All of the works presented here emerge from the photographic archive of Hermann Marbe, whose images form the foundation of the exhibition. Hermann was a prolific and generous photographer whose practice was rooted in curiosity, attentiveness, and relationship. His photographs capture people, objects, and environments with humour, tenderness, and an eye for the quiet, often overlooked details of everyday life. Hermann passed away in 2018, but the images he created continue to move, circulate, and generate new meaning.

Rather than functioning as a retrospective, this exhibition treats the archive as active material, something to be worked with, responded to, and reimagined. The photographs are not presented as closed historical documents, but as points of departure for contemporary artistic engagement.

The exhibition is shaped through The Slow Camera Exchange, a project founded by Hermann’s partner, Jess Marbe, to honour his legacy through access, participation, and shared creativity. At the heart of the Slow Camera Exchange is a borrowing library of analogue cameras, housed at Cork City Library, alongside a wide range of educational programmes, workshops, and interactive activities. The project is grounded in a belief shared by Hermann and Jess, that creative expression is a right, not a privilege, and that meaningful artistic experiences should be open and accessible to all.

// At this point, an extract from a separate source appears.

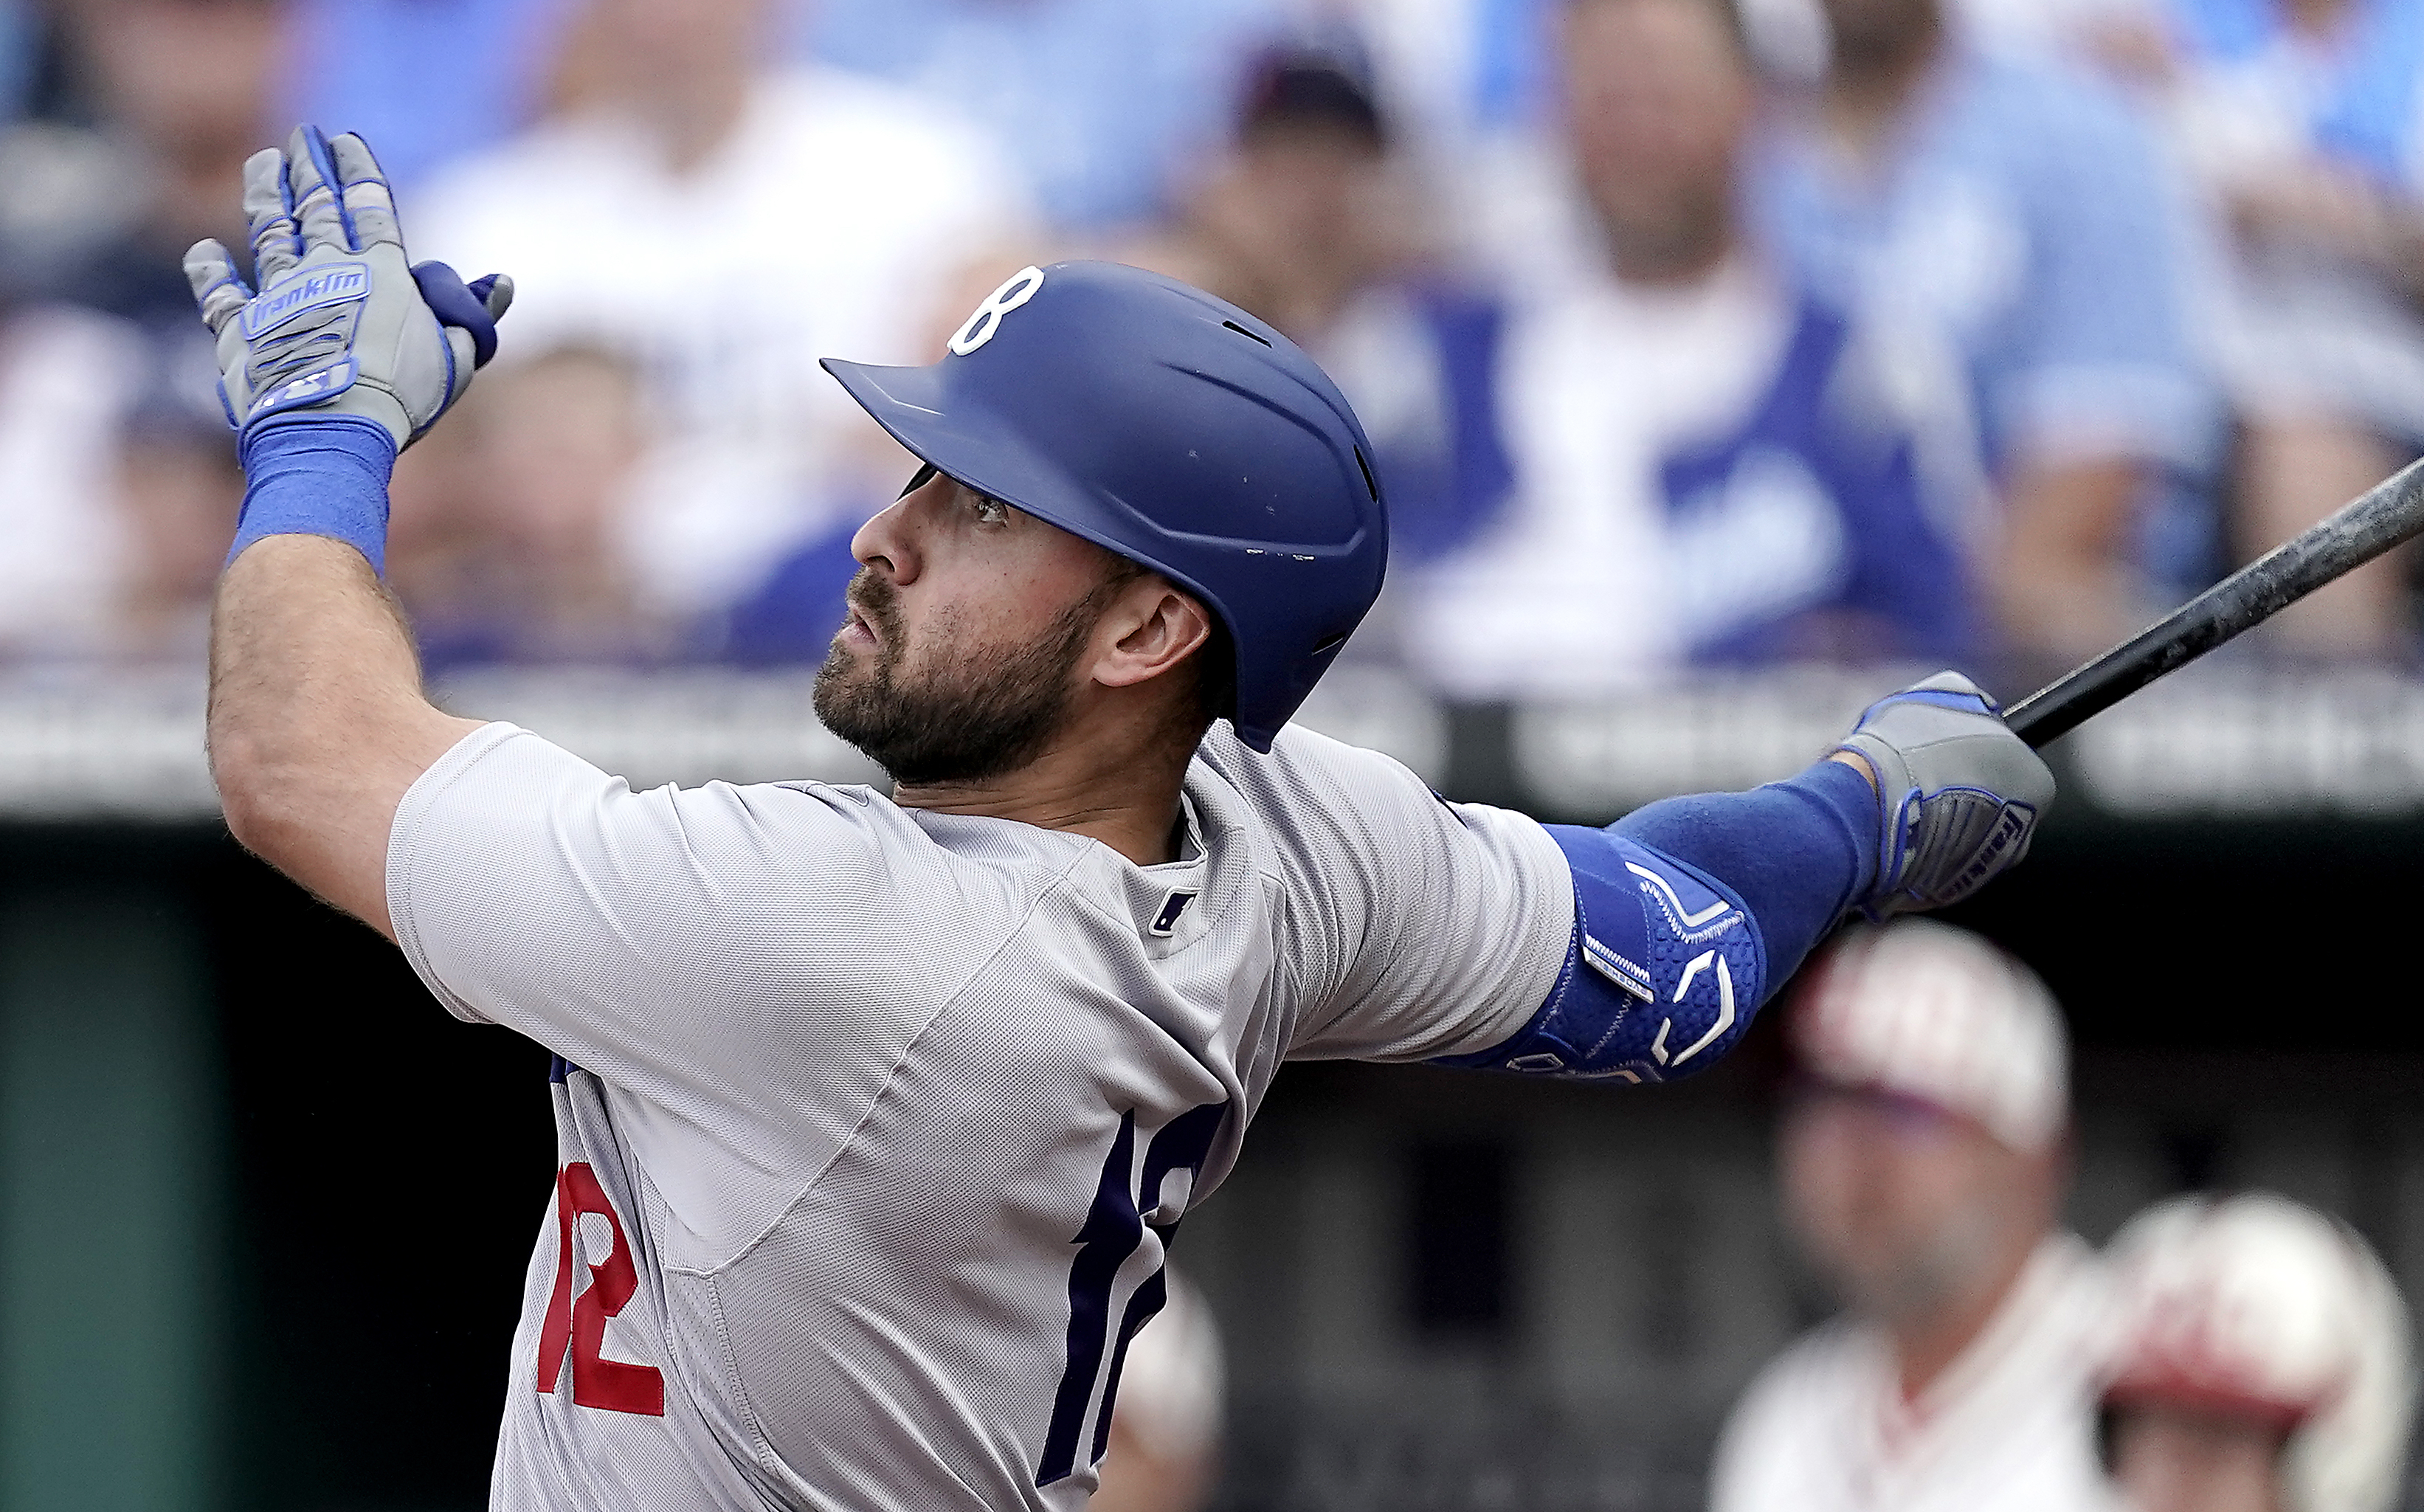 Joey Gallo finding himself with Dodgers after Yankees trade

Alongside the Camera Library, significant work has been underway to establish the Living Archive. A large collection of thousands of Hermann’s photographs are being made available for public use with a creative commons licensing. This includes images printed in the darkroom, polaroids, a collection of photographs developed through commercial labs, and material from over 160 rolls of previously undeveloped film. The process of cataloguing and digitising this archive is well underway, with partnerships across MTU, Cork City Library and an amazing crew of dedicated volunteers and with support from the Digital Repository Ireland. The archive is being prepared for wider access through national and European digital platforms, supporting education, research, creative practice, and reflective work across disciplines.

The Living Archive is not fixed or complete. It is designed to support dialogue between artists, students, educators, communities, and viewers. The images are used as prompts, companions, and catalysts in creative, educational, therapeutic, and reflective contexts. Working with the archive allows participants to enter into a relationship with another artist’s way of seeing, reducing the fear of the blank page and opening space for response rather than invention from nothing.

The works in this exhibition reflect this ethos. Some present Hermann’s photographs directly. Many others are collaborative or responsive works, where artists engage with his images through painting, text, curation, and photographic practice. In each case, the archive is not treated as static material, but as something that continues to unfold through use, care, and exchange.

This exhibition offers a glimpse into that ongoing process, an encounter with an archive that remains open, relational, and alive.